For anyone who hasn’t previously seen Ravilious’s major paintings in person, they will likely be high points of this exhibition. Any number of these masterpieces of composition keep turning up as the visitor turns a corner: the Sussex scenes of Two Women in a Garden and Caravans, the late war paintings like HMS Ark Royal in Action where what might have seemed a primarily pastoral artist suddenly fills every canvas with state-of-the-art military technology. I happened to have seen many of these before, in Dulwich Picture Gallery’s 2015 retrospective, so on this occasion I was equally interested in other items. Several of the artistic colleagues covered by the exhibition met at the Royal College of Art, and pieces of material evidence of those years are preserved here: college registration cards, letters and the playfully arrogant editorials of student magazines (one of which hopes for the dissolution of its magazine so that a new one can start with the energy that such ventures typically possess). Peggy Angus and Helen Binyon produced books of sketches made around London, with captions recording the dialogue from these fleeting social scenes in parks and streets. The amount of correspondence to and from artists on show here makes it something of a museum as well as a gallery.
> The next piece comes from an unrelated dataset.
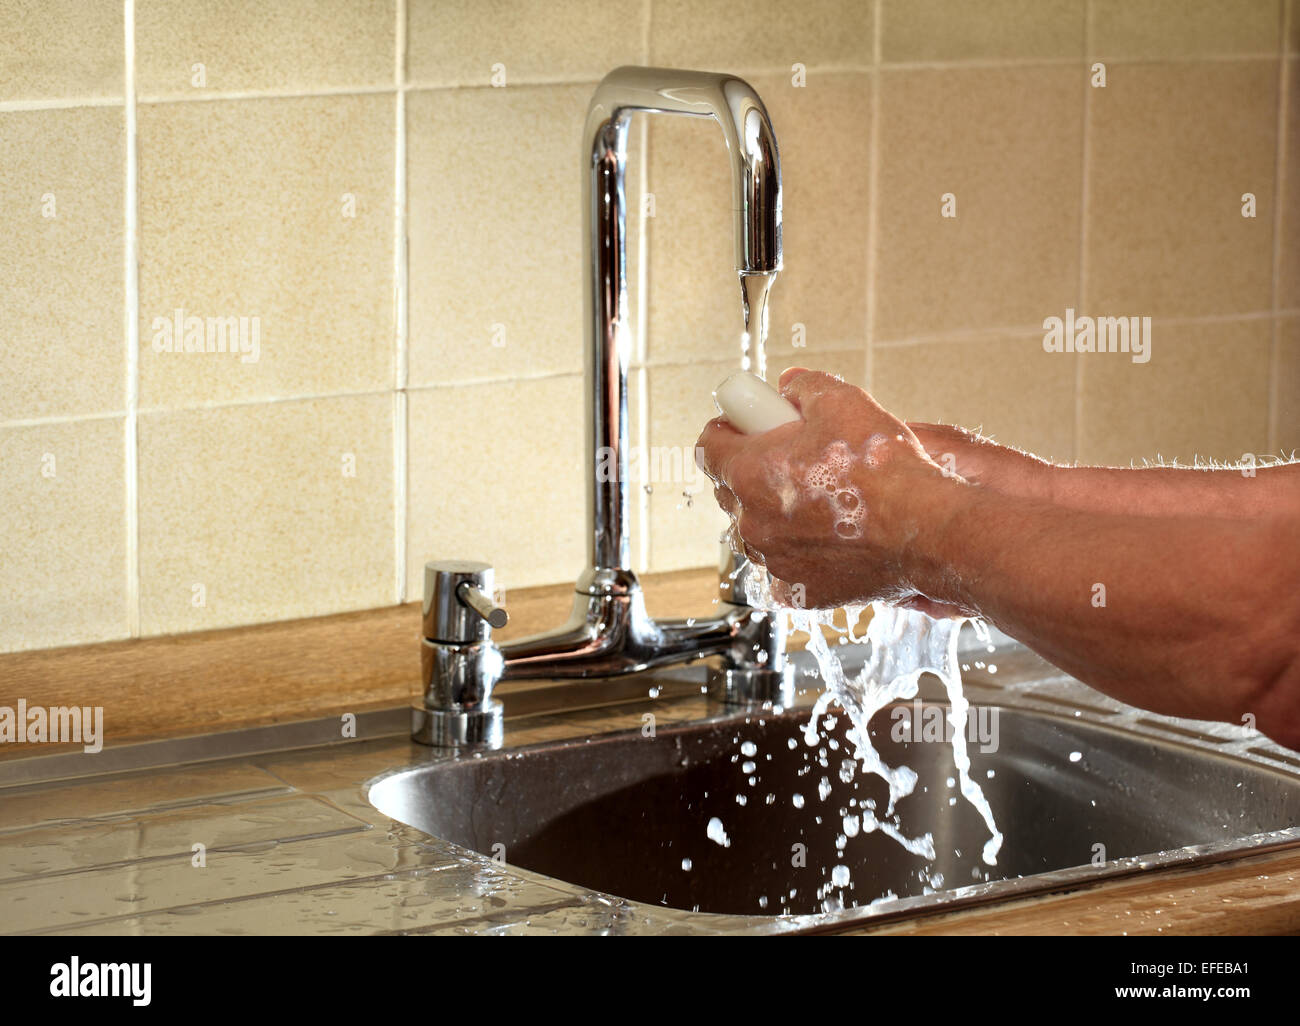 A man washes his hands under a running  faucet; this image is back lit to show detail in the water Stock Photo

Several of the featured artists did extensive commercial work, as designers of book covers, frontispiece emblems, wallpaper and so on. Perhaps the exhibition title Ravilious & Co hints at the businesslike workshop from which one would expect such prolific industry. Ravilious himself seems to have carved an unceasing production line of emblems and illustrations for books and calendars, yet every one of these often tiny designs is composed and rendered with perfect precision and grace. Dozens of book covers and plates are displayed from a range of artists, making a miniature gallery of interwar English publishing and culture. It is striking how far the various artists featured remained in contact and continued to produce parallel and comparable work: the sense is of a relatively unheralded, but unusually coherent, artistic school.

The artists whose work was at once newest and most impressive to me were Tirzah Garwood (Ravilious’s wife) and Helen Binyon. Garwood had been Ravilious’s pupil, and worked in similar media, but does not seem to have been awed into adopting his tones. Her engravings of urban types (including philistine visitors to a former incarnation of the Towner Gallery itself) bring a note of defiant satire to the show. Binyon excelled both in delicate painting and in engravings: one of the first pieces on show as one enters is her woodcut The Wire Fence, showing a girl crawling through the barrier, and her illustrations of Pride & Prejudice are displayed in a later room. Binyon seems one of the finest artists on show here, but doesn’t even have a Wikipedia page. I hope this exhibition inspires someone to address that.